Yuji Naka is the co-creator of Sonic the Hedgehog, that much we all know, but it’s easy to forget that the head of Sonic Team also gave the world Billy Hatcher and the Giant Egg. Accordingly, it’s difficult to know how to approach Ivy The Kiwi?, a platformer from Naka-founded Prope Limited.
Originally released to Japanese Windows Mobile devices in late 2009, this lovingly-designed tale has found its home on the Wii and Nintendo DS as a budget title, albeit an offering that boasts 100 levels. It’s a fairly complete package to be sure, yet has Naka’s protégés at Prope managed to restore their fabled founder’s reputation?

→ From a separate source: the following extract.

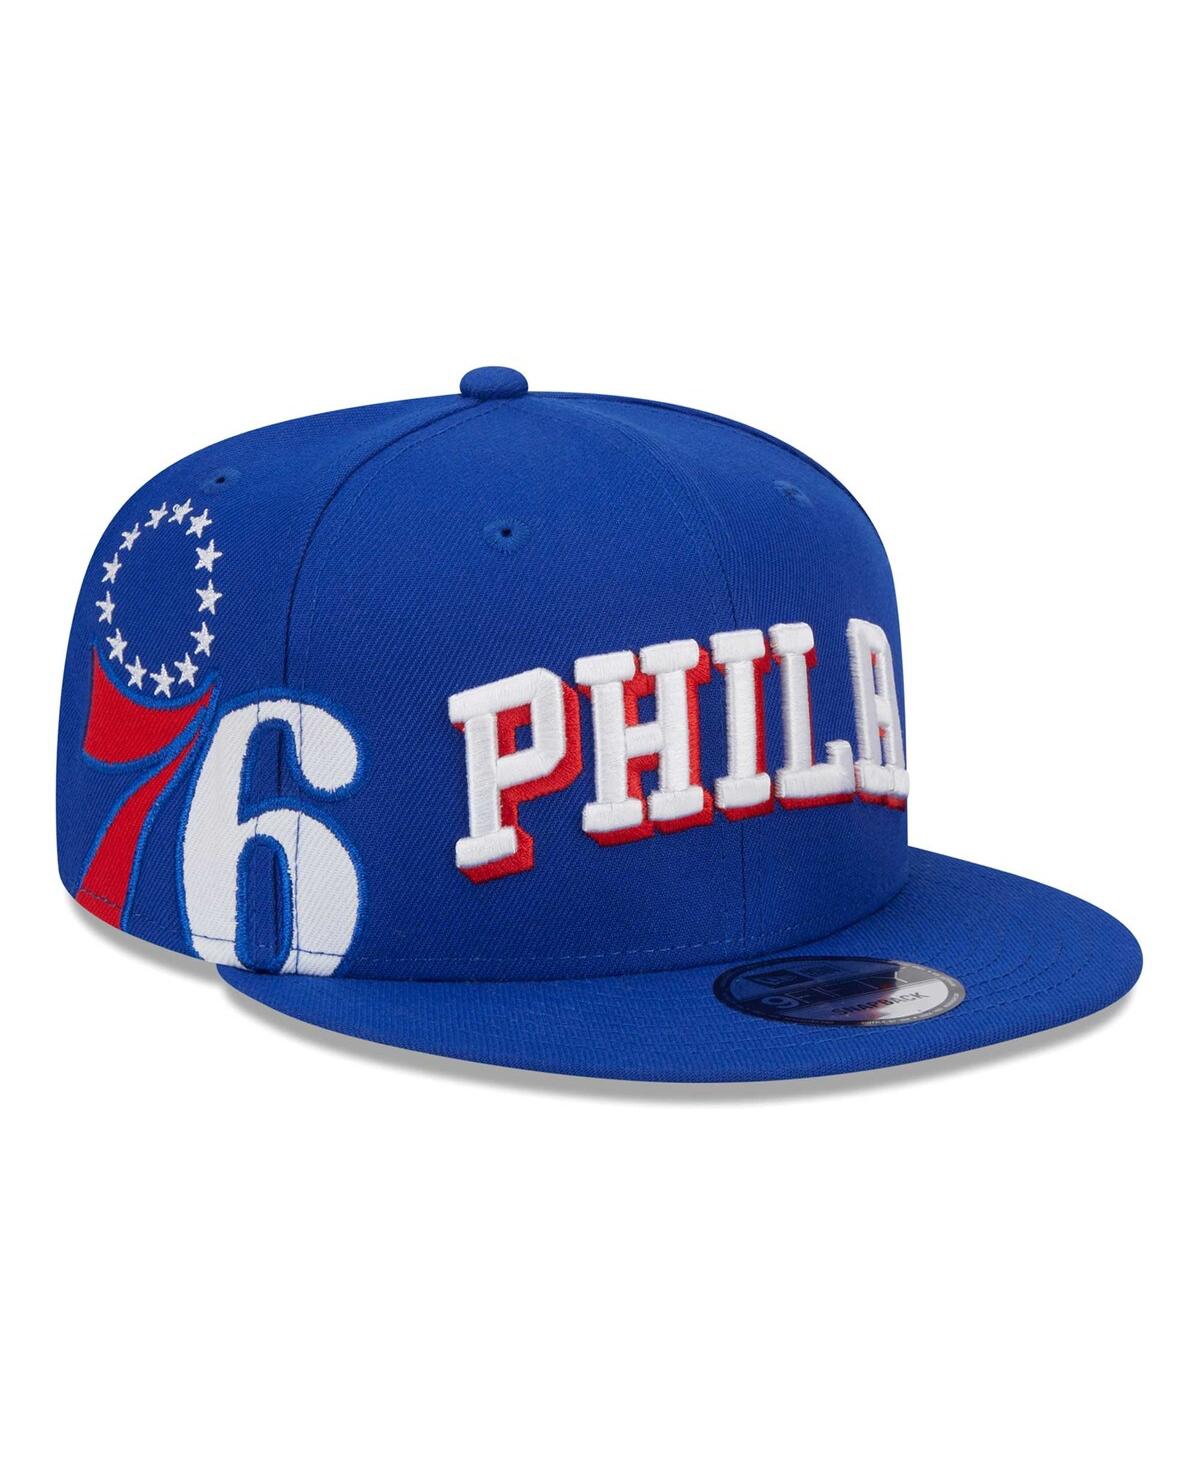 Men's Royal Philadelphia 76ers Side Logo 9fifty Snapback Hat - Royal

First things first, you’d be forgiven for thinking that the gameplay mechanics of Ivy The Kiwi? bear more than a passing resemblance to the 2005 Nintendo DS release Kirby: Power Paintbrush. Much like Kirby in Paintbrush, Ivy is a character that moves independently of the players control and must be guided by drawing vines via the Wii Remote. Players have complete control over the length and direction of each vine and can eventually even create slingshots to send the titular hero through the levels.
In addition to completing levels, players are also challenged to collect 10 feathers which have been scattered through each level, a practise which turns the title from a breezy platformer to a preceise and often infuriating action-puzzler. While you’ll initially feel like punching the air upon collecting all ten collectibles, considering the amount of levels, feathers and the difficulty involved to catch a potential 1,000, you’ll be forgiven for quickly growing tired of the challenge.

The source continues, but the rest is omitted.